Весь день потом был посвящен подготовке к праздничному ужину, которая свелась к тому, что миссис Сейр каждые пятнадцать минут посылала Сару проведать кухарку. По давней традиции, к столу подавали гуся. После обеда, когда Зельда поднялась вздремнуть к себе в комнату, в сковородках уже вовсю шкварчало, и весь дом наполнялся ароматным духом, как в праздники у бабушки Маккуилан. Миссис Сейр переживала, что птицу поставили слишком рано, однако, как и в большинстве подобных случаев, она только хотела всеми руководить, и ничего хорошего из этого не выходило.
Сестры с их уважаемыми семействами прибыли друг за другом, будто пришел целый караван гостей. Зельда родилась так поздно, что большинство племянников и племянниц были ее старше. Миссис Сейр восседала в кресле-качалке, а Зельда в образе рождественского эльфа одаривала собравшихся вокруг елки детей.
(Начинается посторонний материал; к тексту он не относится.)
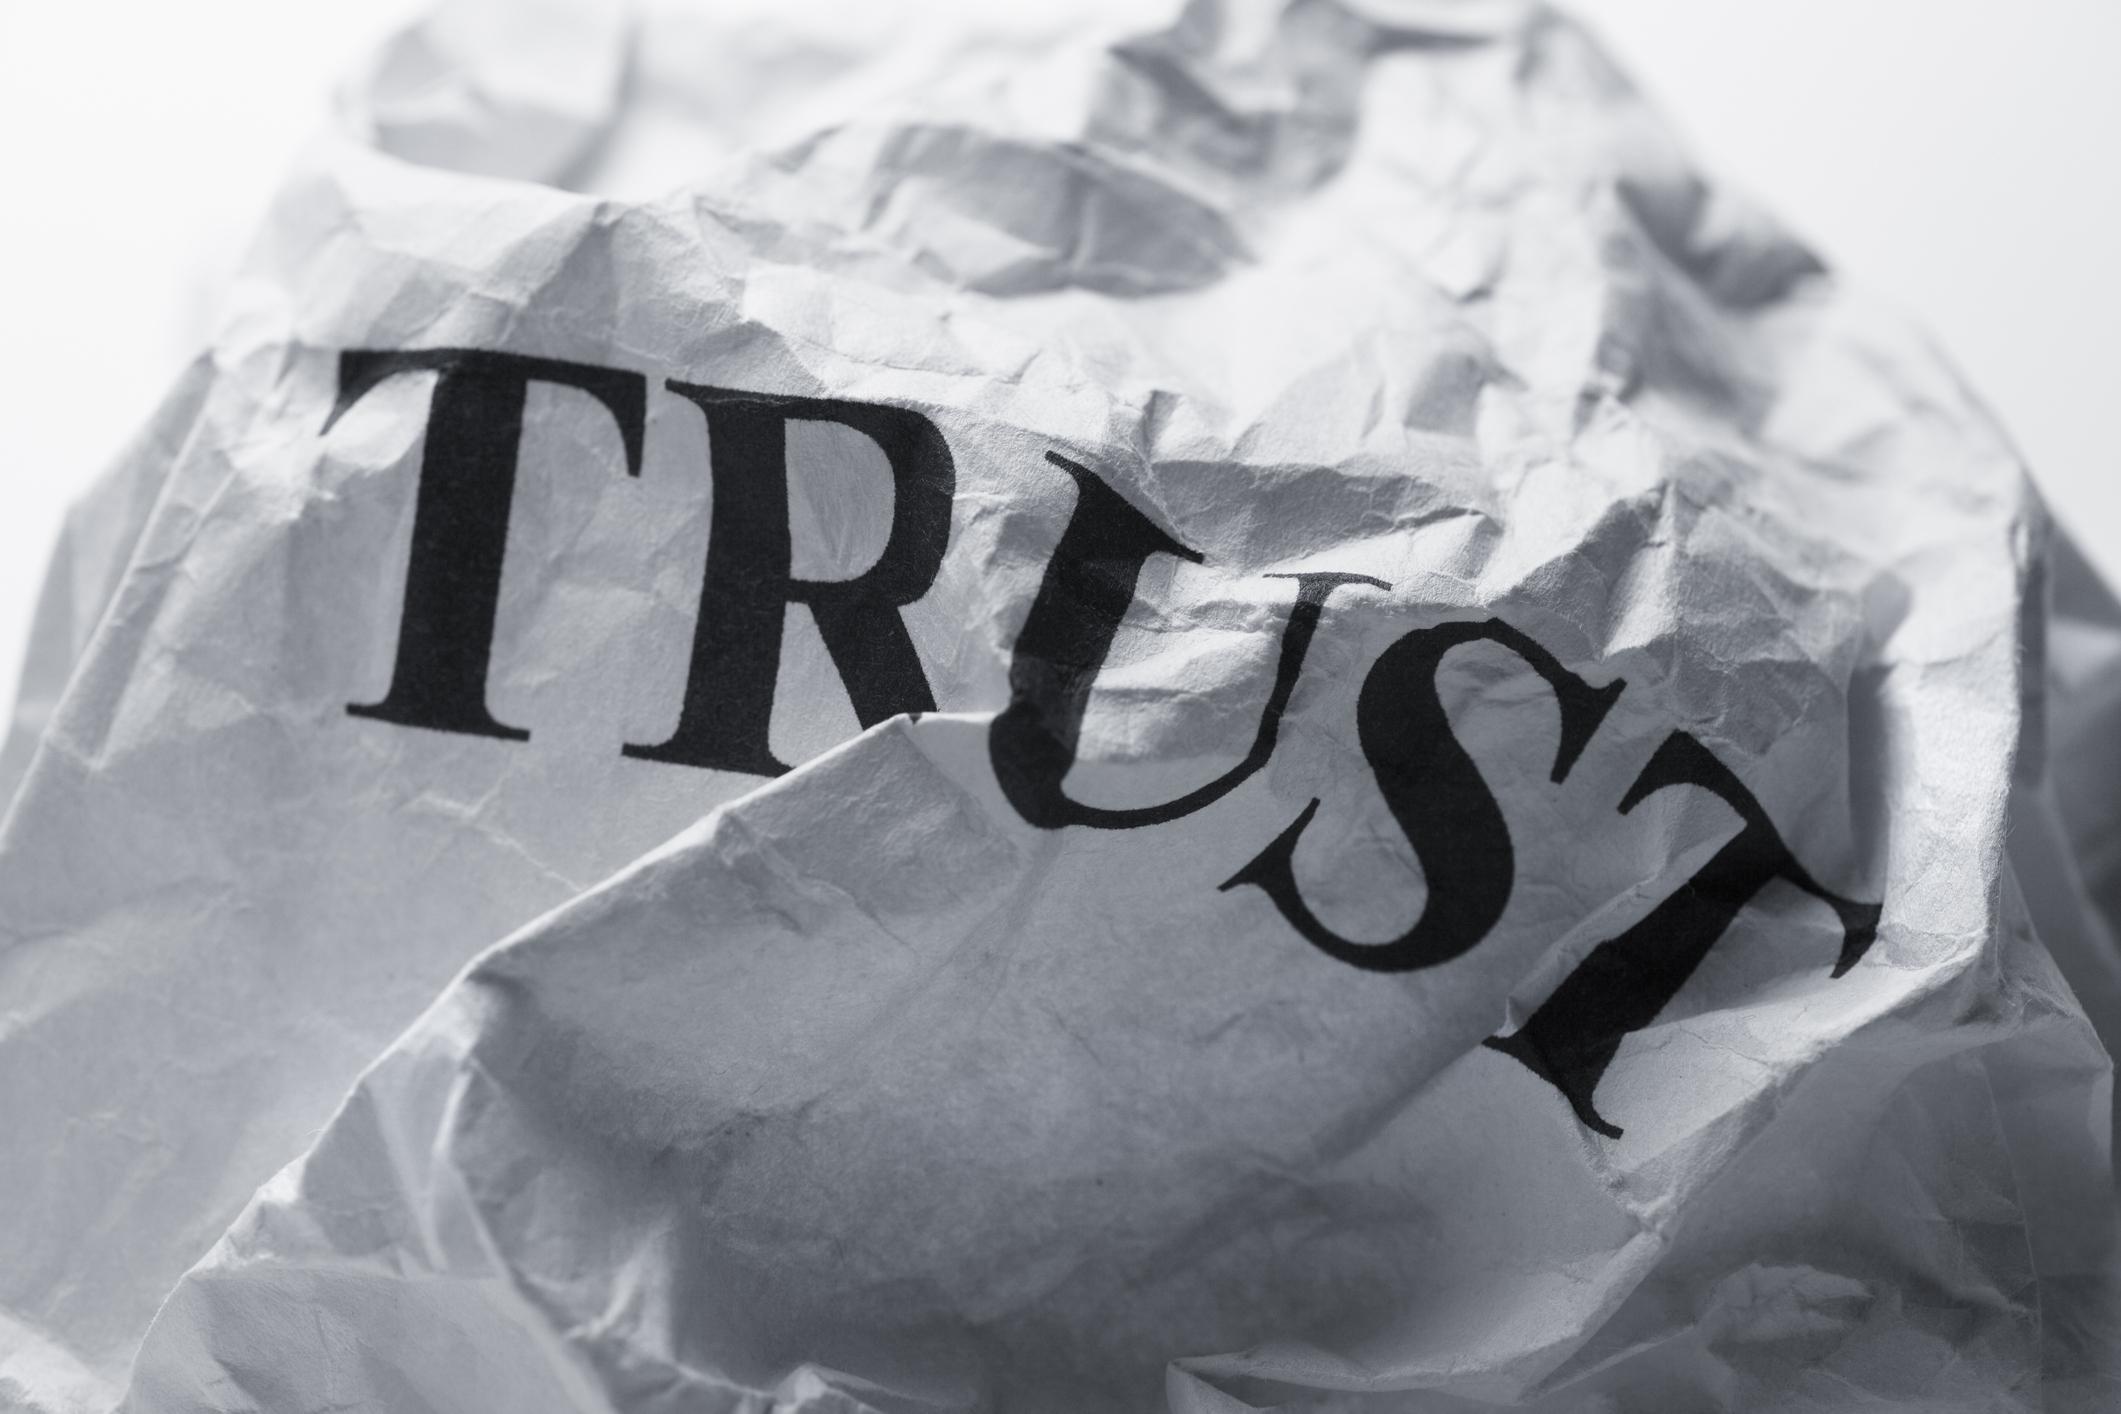 Trust_crumpled paper.jpg

Скотт стоял позади между свояками, с которыми за все прошедшие годы только мельком виделся на вечеринках и в гольф-клубах. И пока те подливали себе бурбон, Скотт цедил имбирный эль. В другой раз поговорили бы о футболе, но сезон уже кончился. Оба свояка были юристами и служили в законодательном собрании штата. Крепкие, исполненные здравого смысла мужчины, которых больше интересовало, что происходит в соседнем кабинете, чем в Европе, но на исходящую оттуда угрозу уже нельзя было закрывать глаза. В стране за страной, шаг за шагом, коммунисты подрывали существующий уклад. Скотт подумал о Дотти и Эрнесте, вспоминал их беседы, однако разговор не шел и вскоре переключился на Голливуд, который в глазах собеседников Скотта представлялся манящей, сказочной страной славы. Судя по избитости вопросов, в перерывах между отчетами даже они были не прочь полистать желтые газеты. Действительно ли в жизни Гейбл ниже, чем на экране? Правда ли, что за пределами площадки Гарбо ни с кем не разговаривает?
– Гарбо на самом деле умнейшая женщина, – сказал Скотт и зачем-то наплел, что она знает шесть языков, а однажды он случайно услышал, как та разговаривала с иммигрантом-портным на армянском в студийной костюмерной. Все это был чистый вздор, выдуманный, только чтобы потешить гостей. Скотт вообще не был знаком с Гарбо, но, как и газетчики, знал, что публика хочет не развеять, а сгустить ореол загадочности.